Work order: Only the lines from the one containing "Sugar Love Chic" through the end of the material should be printed, exactly as they appear. Leave out pictures.

Data:
===
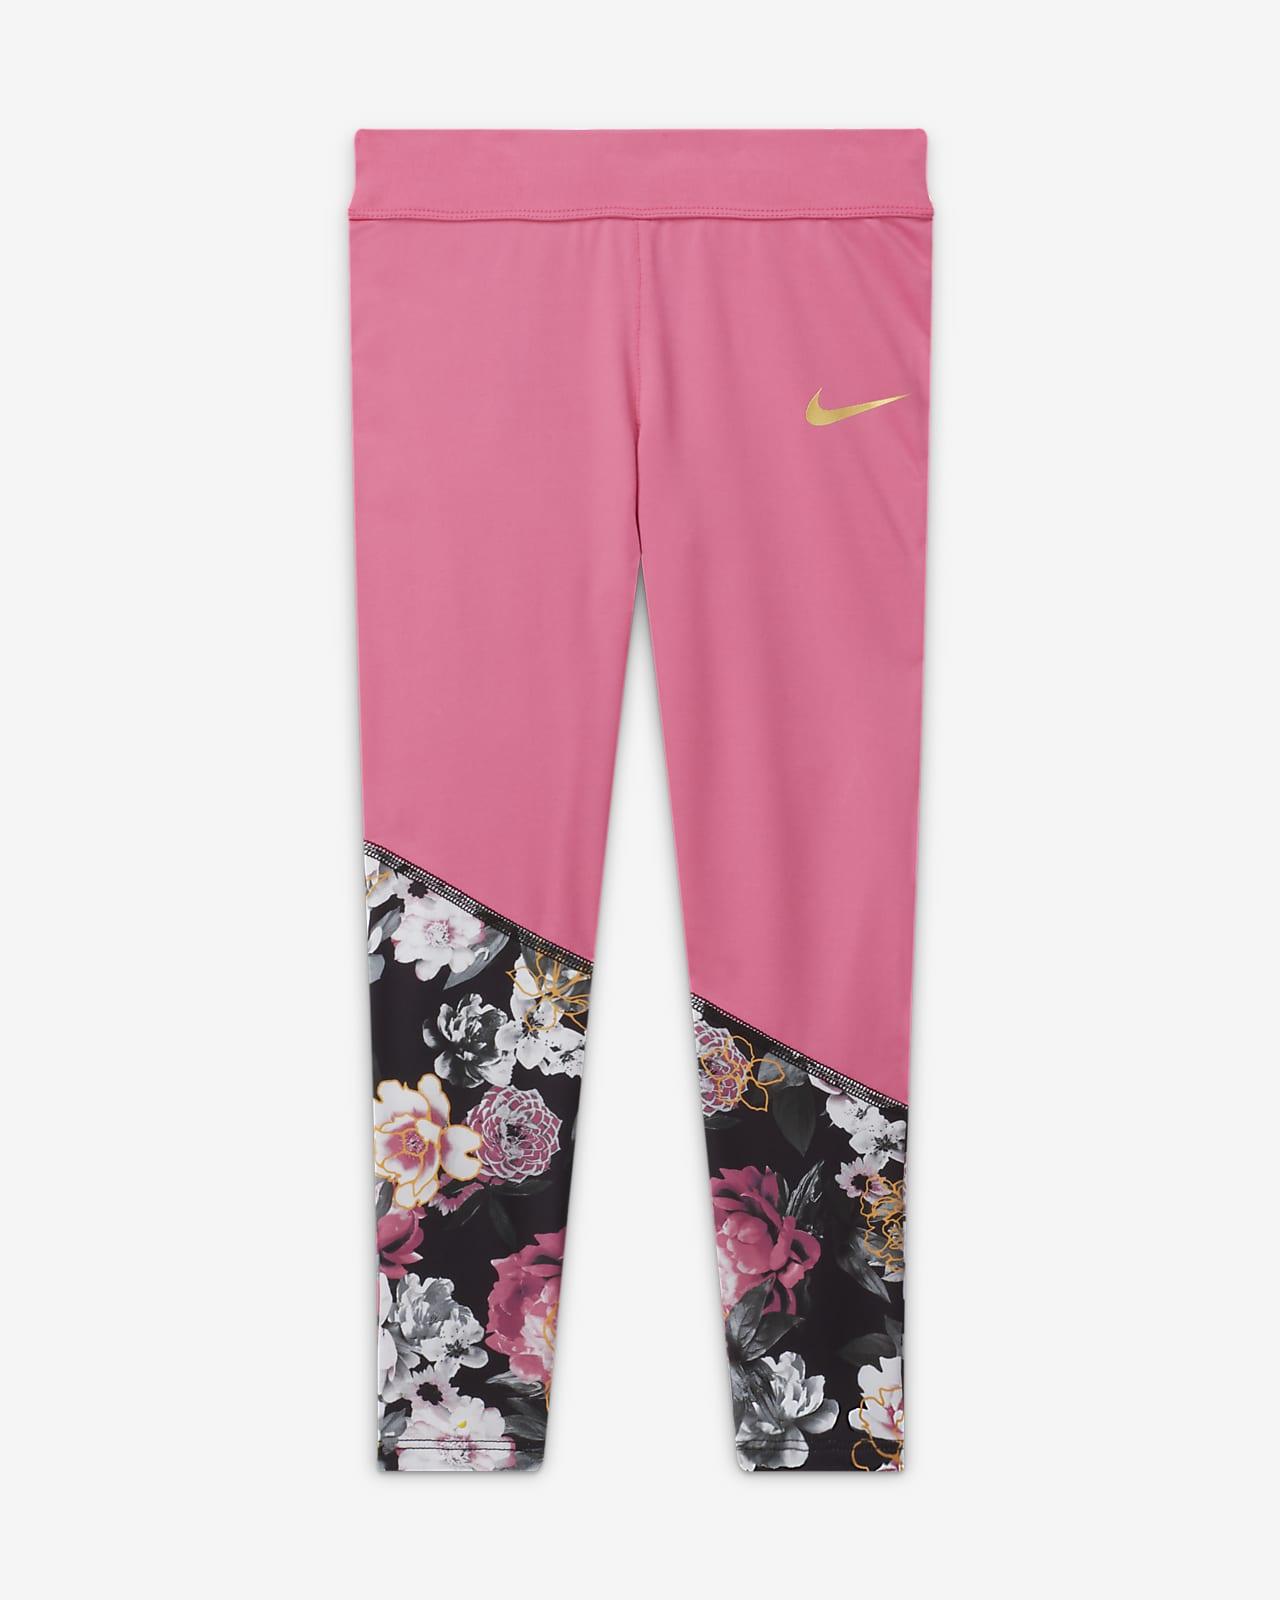 Nike Dri-FIT Little Kids' Floral Capri Leggings
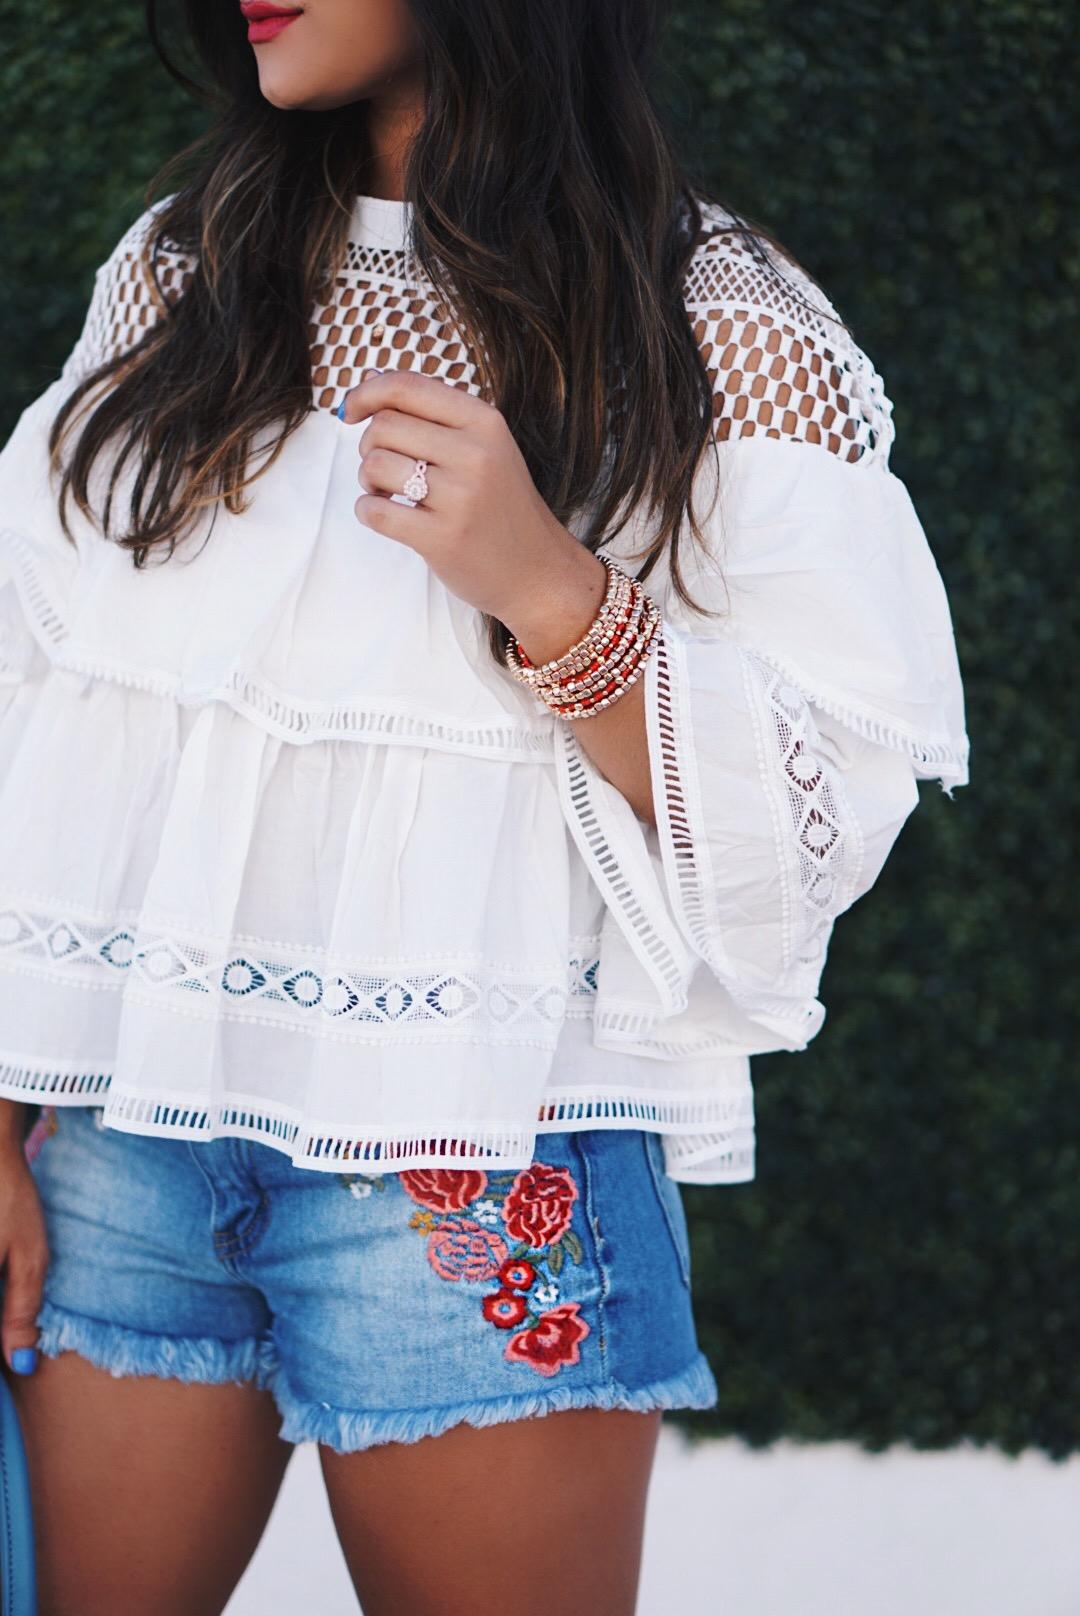 Sugar Love Chic blogger Krista Perez wearing white ruffle top and cutoff shorts
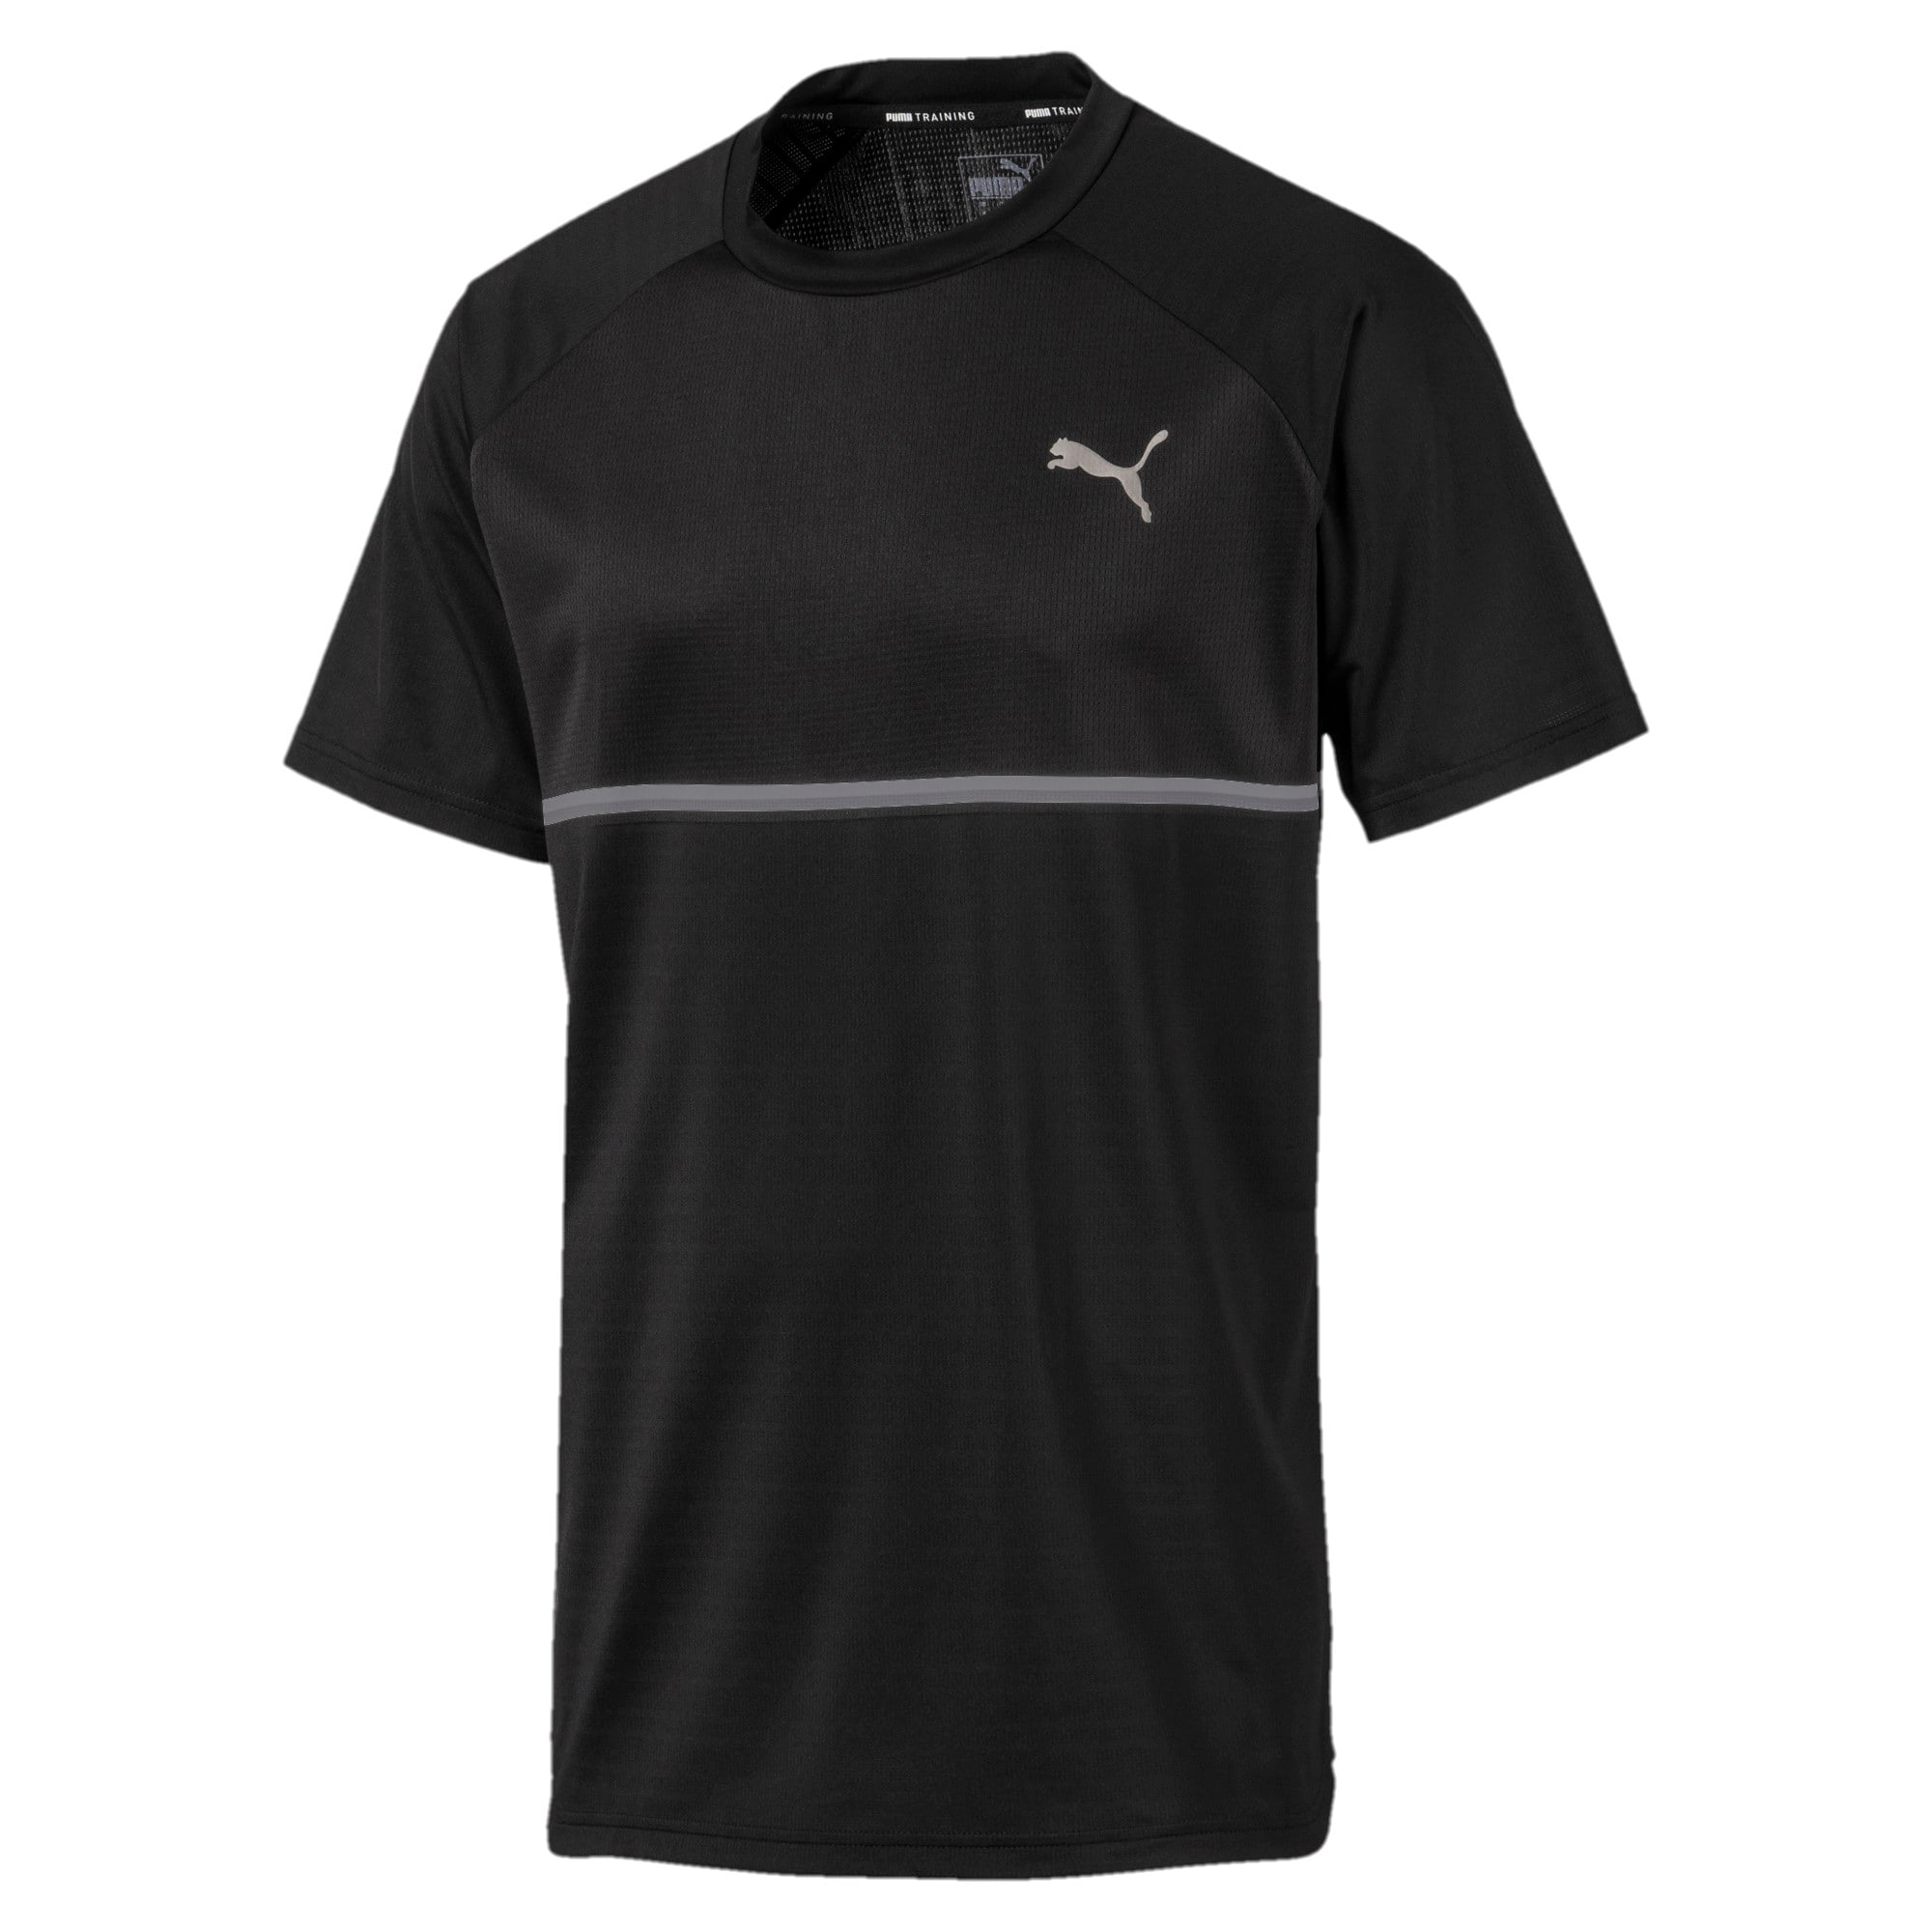 Thumbnail 4 of Power BND T-shirt voor heren, Puma Black, medium
===
Response:
 Sugar Love Chic blogger Krista Perez wearing white ruffle top and cutoff shorts
 Thumbnail 4 of Power BND T-shirt voor heren, Puma Black, medium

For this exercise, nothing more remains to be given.